I don’t know if enraged is the right word, angered and baffled might be right. I came over a small crest in the road. Three cars are coming at me, 150 or so feet away about 50 meters. There’s an idiot guy in an SUV behind me, tailgaiting. He goes to pass me, and he wasn’t going to stop. There is no way he’s going to pull this off. I wish I had my gun.
The YouTube video showing a jerk throwing a puppy over a cliff… And some people who keep telling me to see a dr. when I already am. I only get 5 – 15 minutes per two months. I will need to save to see a psychologist for $150 an hour.

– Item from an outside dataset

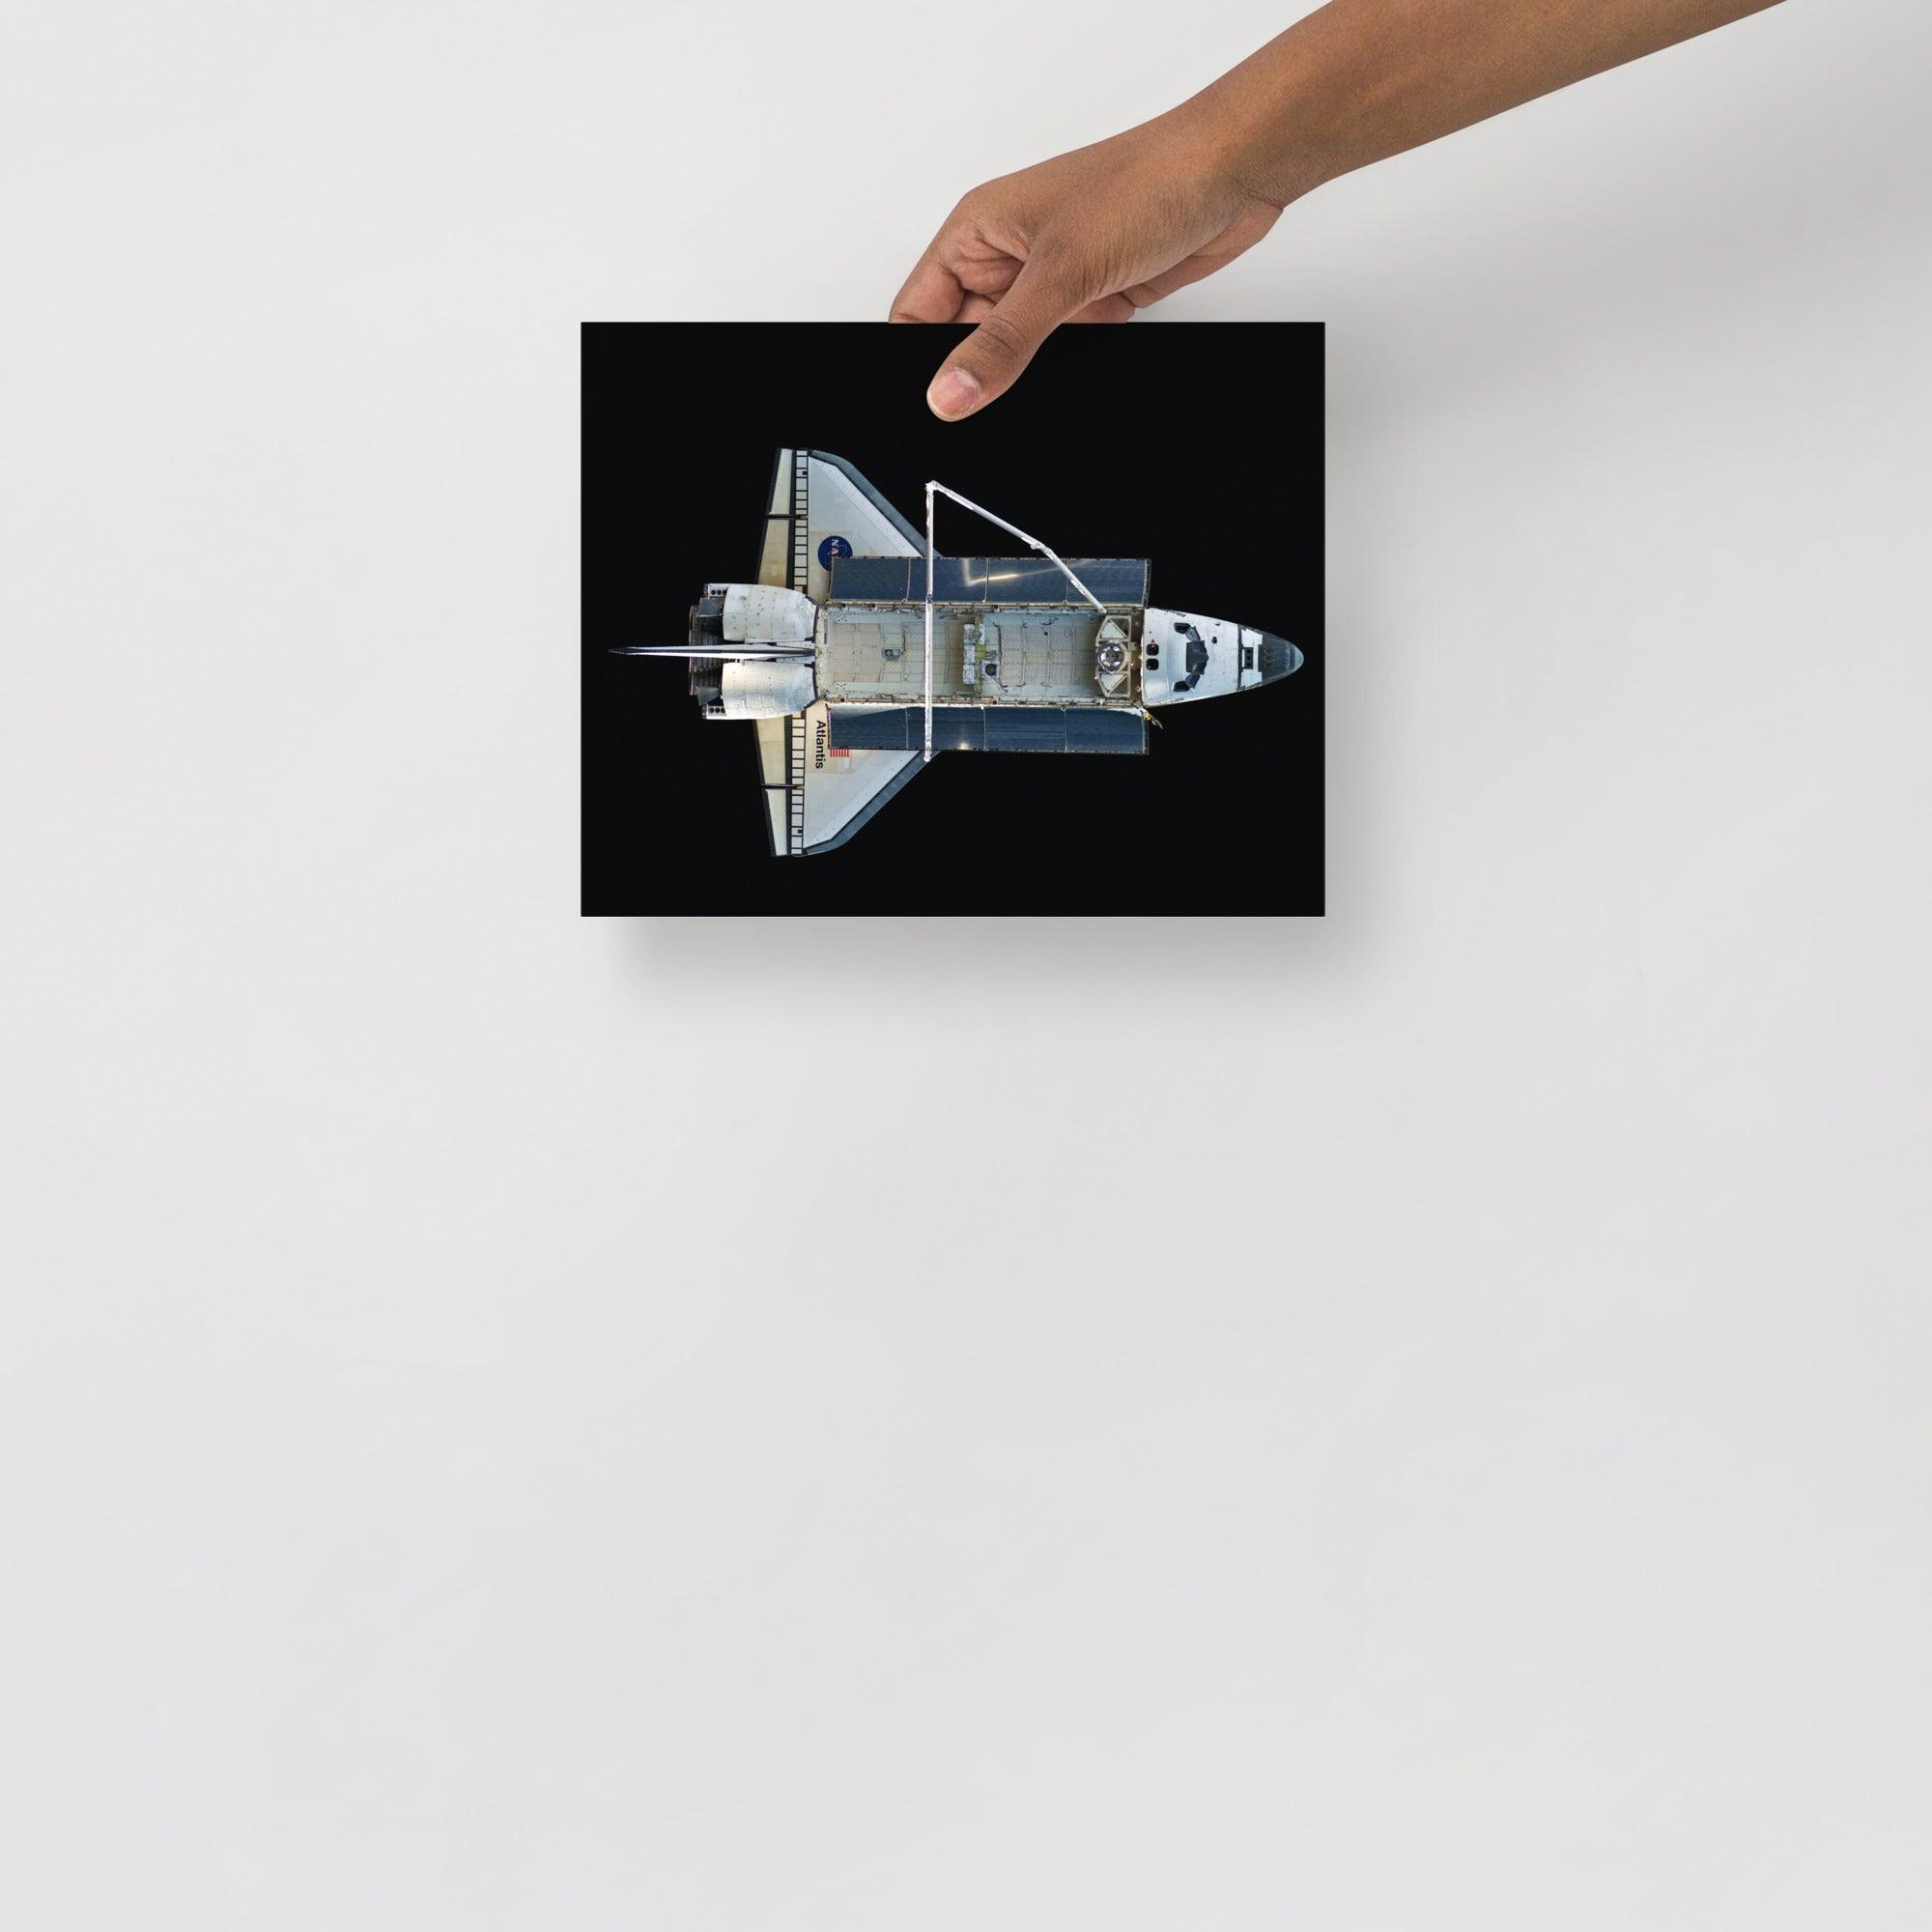 A Space Shuttle Atlantis poster on a plain backdrop in size 8x10”.

That my government returned 41 asylum seekers to Sri Lanka, the country they had originally escaped from. Made me feel disgusted and ashamed. Another 153 asylum seekers are now the subject of a legal battle, while the government and lawyers argue about whether they can be returned or what to do with them.
I am currently enraged by the “Separatists” handling of the people that were killed. Whether by some overeager, stupid assistant field marshal assuming the worst of the plane’s intent or with the full knowledge that it was a passenger aircraft, they demonstrate their callous disregard of those outside the cadre. They are a street gang on steroids with alcohol and, courtesy of Russia, dangerous toys.
I’m not easily angered. I’d rather not mention the reason that I was last angry, but I remember actually telling this person that I hated them. I thought I hated people before, but I was wrong. This is hate.
My heart raced, when I said it. I didn’t want to allow myself the feel that way, but I still plunged deeper into my anger. My eyes closed, and I allowed my blood to boil, until a sinister smirk crossed my face. My heart rallied against my ribcage. This is hate.